Cégep Édouard-Montpetit 2004 à 2009
Deux anciennes étudiantes soutiennent avoir dénoncé les comportements déplacés de leur entraîneur à la directrice des Affaires étudiantes et communautaires, Monique Magnan.
«Ne t’inquiète pas, Danny ne saura pas que tu nous as parlé ou écrit. […] Il sait qu’il ne peut plus s’acharner sur vous comme il l’a fait cette année. Il a eu plusieurs avertissements […] Il ne pourra plus y avoir d’excès comme cette année. Il sait très bien que ça ne sera pas toléré», écrit Mme Magnan dans un courriel daté de 2007 que nous avons consulté.
Contactée par notre Bureau d’enquête, Mme Magnan a d’abord indiqué par courriel: «Pendant que j’étais en poste au Collège Édouard-Montpetit, je n’ai reçu aucune dénonciation de la part d’étudiantes.»
Une fois confrontée à ce sujet en personne, elle a déclaré seulement «avoir fait des choses pour protéger» les étudiantes.
Le Cégep Édouard-Montpetit de Longueuil a refusé nos demandes d’entrevues en expliquant qu’aucun membre de la direction de l’époque n’est en poste actuellement.

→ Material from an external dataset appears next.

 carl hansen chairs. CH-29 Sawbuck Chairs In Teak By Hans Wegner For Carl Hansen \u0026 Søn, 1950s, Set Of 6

Le cégep affirme qu’aucune plainte ou dénonciation d’étudiantes concernant Danny Vincent n’a été portée à l’attention de la direction.
Collège Montmorency 2010-2012
En 2012, le Collège Montmorency a mis fin à l’emploi de Danny Vincent après une enquête interne. Il a consulté de la pornographie dans un local destiné aux entraîneurs.
«Nous l’avons rencontré, il a avoué ses torts à deux reprises et nous l’avons congédié sur-le-champ. Nous avons agi avec une grande diligence», écrit le Collège Montmorency dans un courriel transmis à J.E.
L’établissement collégial a avisé le Service de police de la Ville de Laval, une démarche entreprise à l’époque « pour éviter qu’une situation impliquant Danny Vincent se reproduise dans notre communauté ou dans d’autres établissements d’enseignement ».
Aucune accusation n’a toutefois été portée contre l’entraîneur. En réponse à une demande d’accès à l’information, le Service de police de la Ville de Laval a indiqué que le rapport rédigé à l’époque a été détruit conformément à leur calendrier de conservation des archives.